Solution: In our opinion, pie charts are generally considered as a poorer method for communicating data than bar charts. People’s brains are not as good at comparing the size of angles because there is no scale, and in comparison, it is much easier to compare the heights of bars in a bar charts. However, in some circumstances, for example, when representing 25% and 75% of a sample size, if we have 2 bars, in which the higher one is three times in height of the other one, it is difficult to tell the scale of their comparison without labels. But in a bar chart, it would be easy to compare if a circle is divided by 75% and 25%. (Read more at: https://www.displayr.com/why-pie-charts-are-better-than-bar-charts/)

(LC2.32) What kinds of questions are not easily answered by looking at the above figure?

Solution: Because the red, green, and blue bars don’t all start at 0 (only red does), it makes comparing counts hard.

(LC2.33) What can you say, if anything, about the relationship between airline and airport in NYC in 2013 in regards to the number of departing flights?

Solution: The different airlines prefer different airports.
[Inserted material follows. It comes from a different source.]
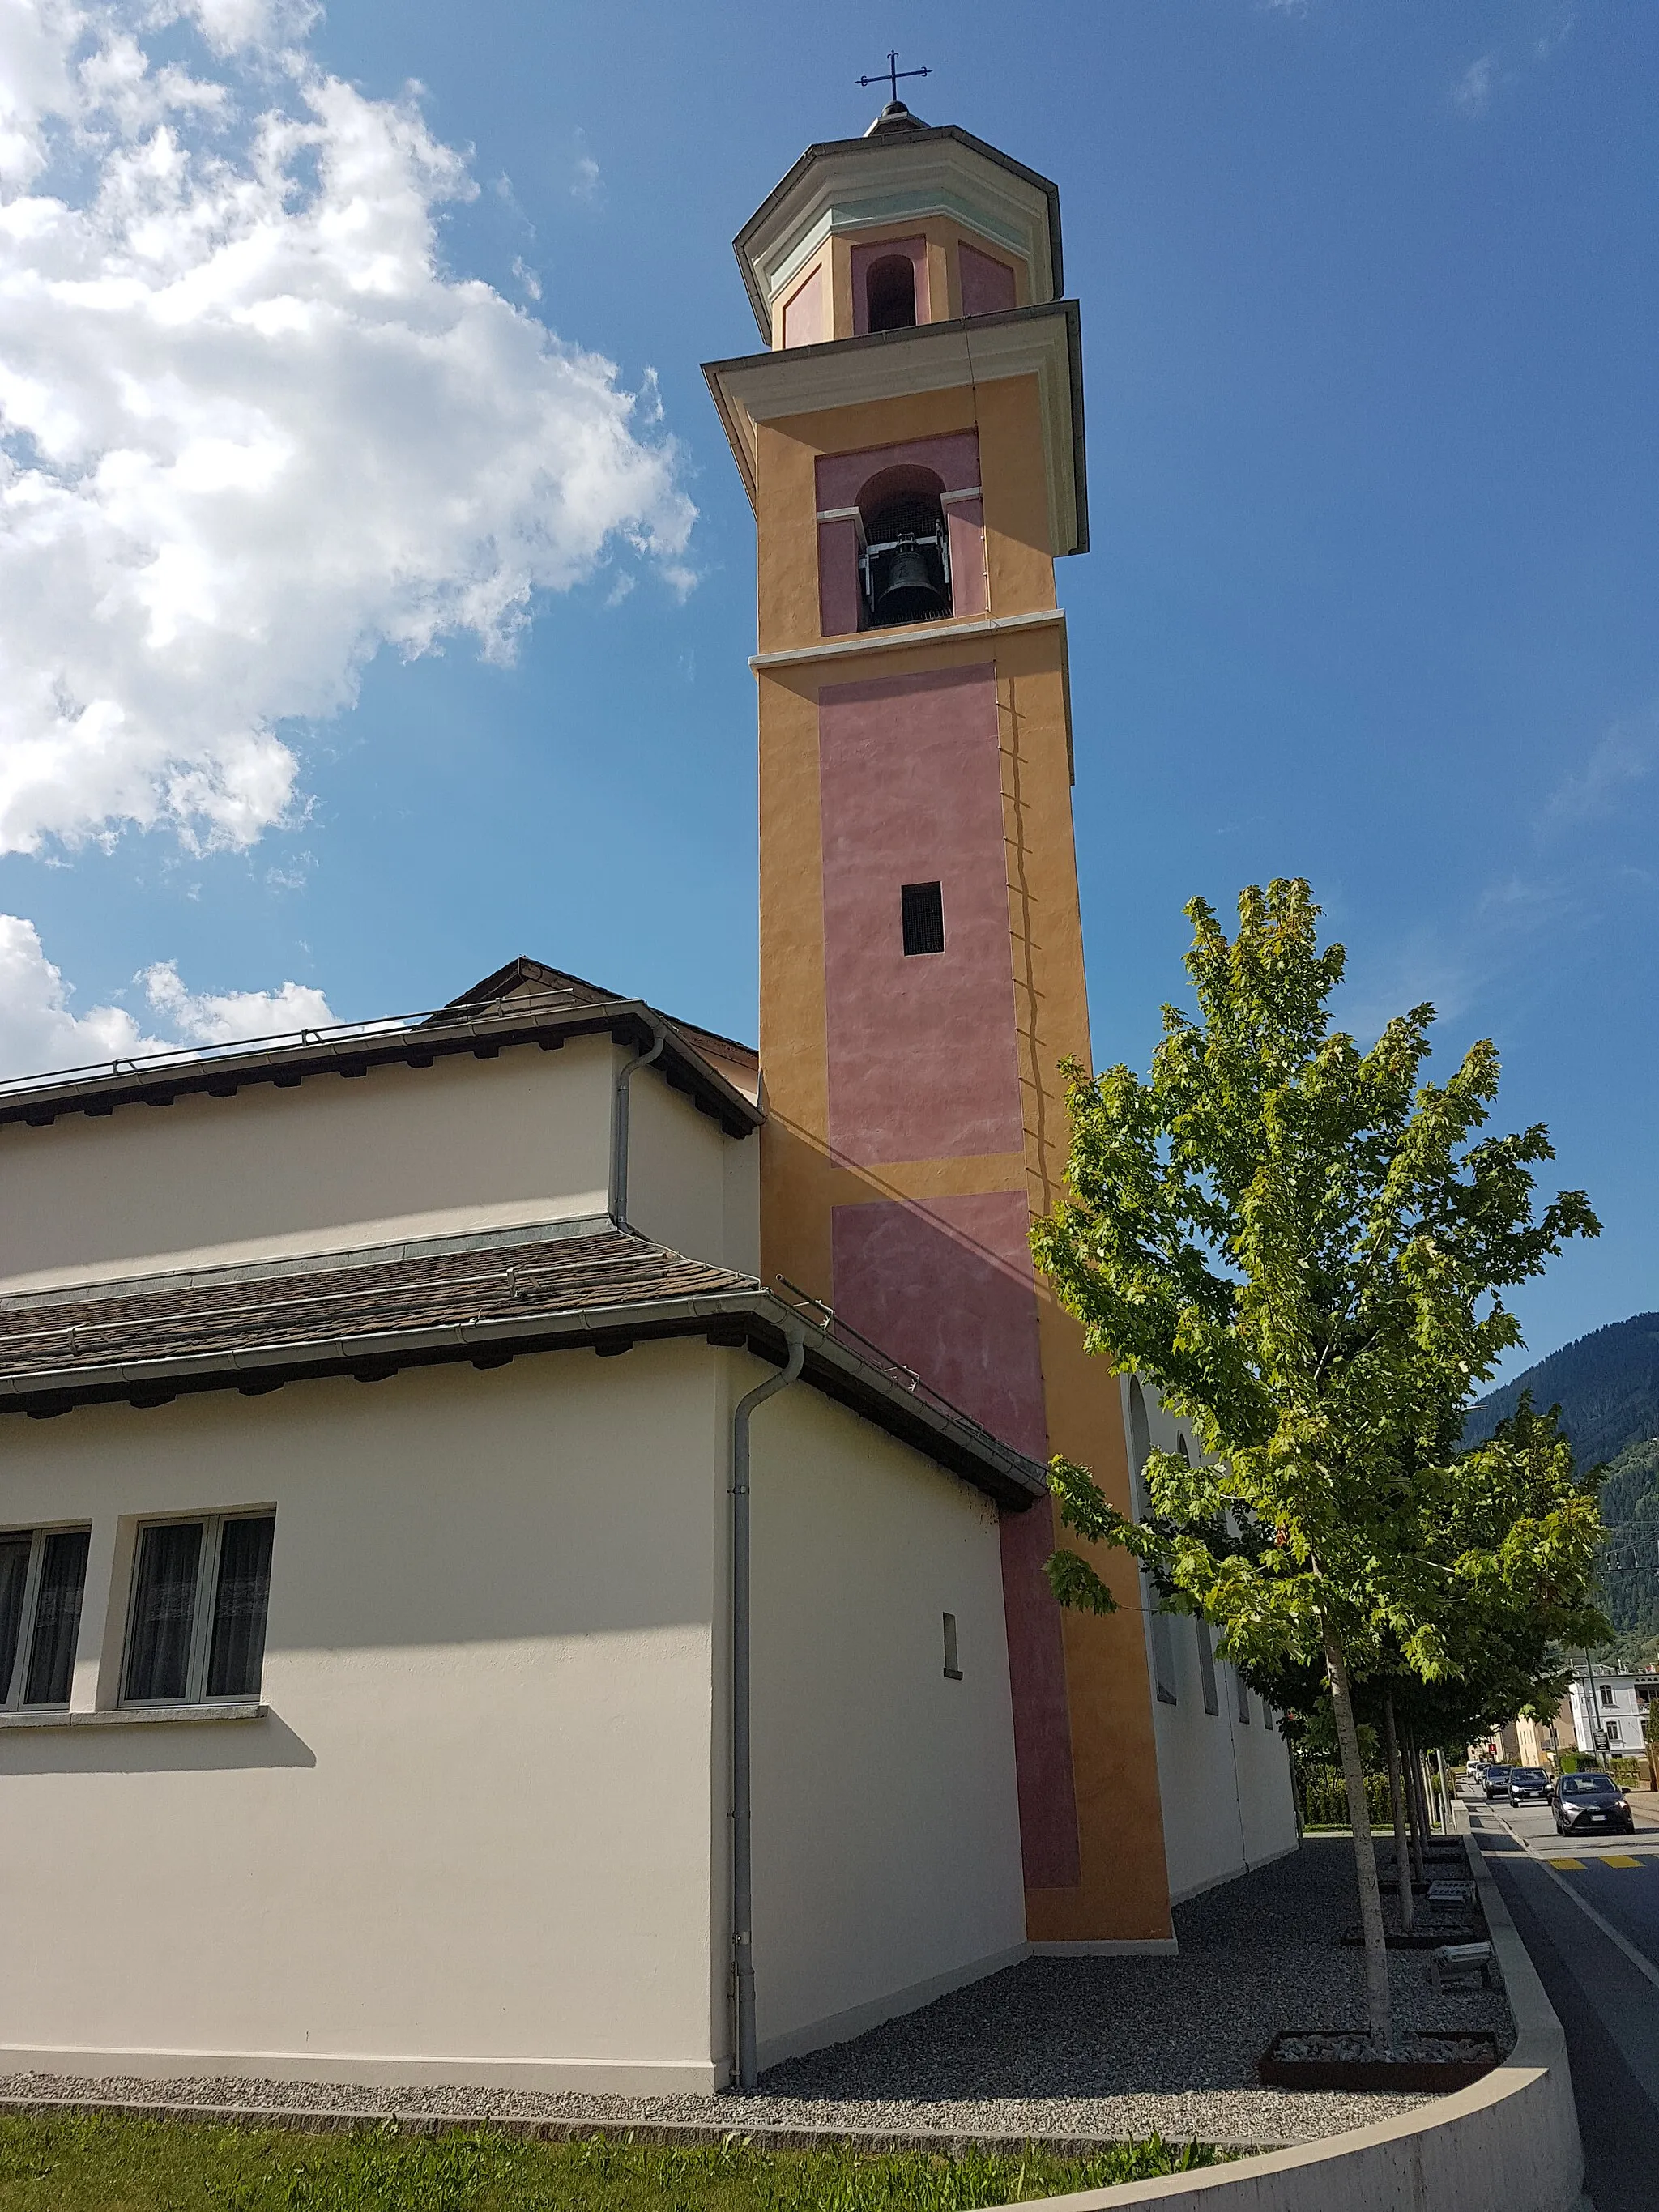 Photo showing: Le Prese in Valposchiavo, Grisons, Switzerland. Catholic Church of San Francesco d'Assisi.

For example, United is mostly a Newark carrier and JetBlue is a JFK carrier. If airlines didn’t prefer airports, each color would be roughly one third of each bar.

(LC2.34) Why might the side-by-side (AKA dodged) barplot be preferable to a stacked barplot in this case?

Solution: We can easily compare the different airports for a given carrier using a single comparison line i.e. things are lined up

(LC2.35) What are the disadvantages of using a side-by-side (AKA dodged) barplot, in general?

Solution: It is hard to get totals for each airline.

(LC2.36) Why is the faceted barplot preferred to the side-by-side and stacked barplots in this case?

Solution: Not that different than using side-by-side; depends on how you want to organize your presentation.

(LC2.37) What information about the different carriers at different airports is more easily seen in the faceted barplot?

Solution: Now we can also compare the different carriers within a particular airport easily too. For example, we can read off who the top carrier for each airport is easily using a single horizontal line.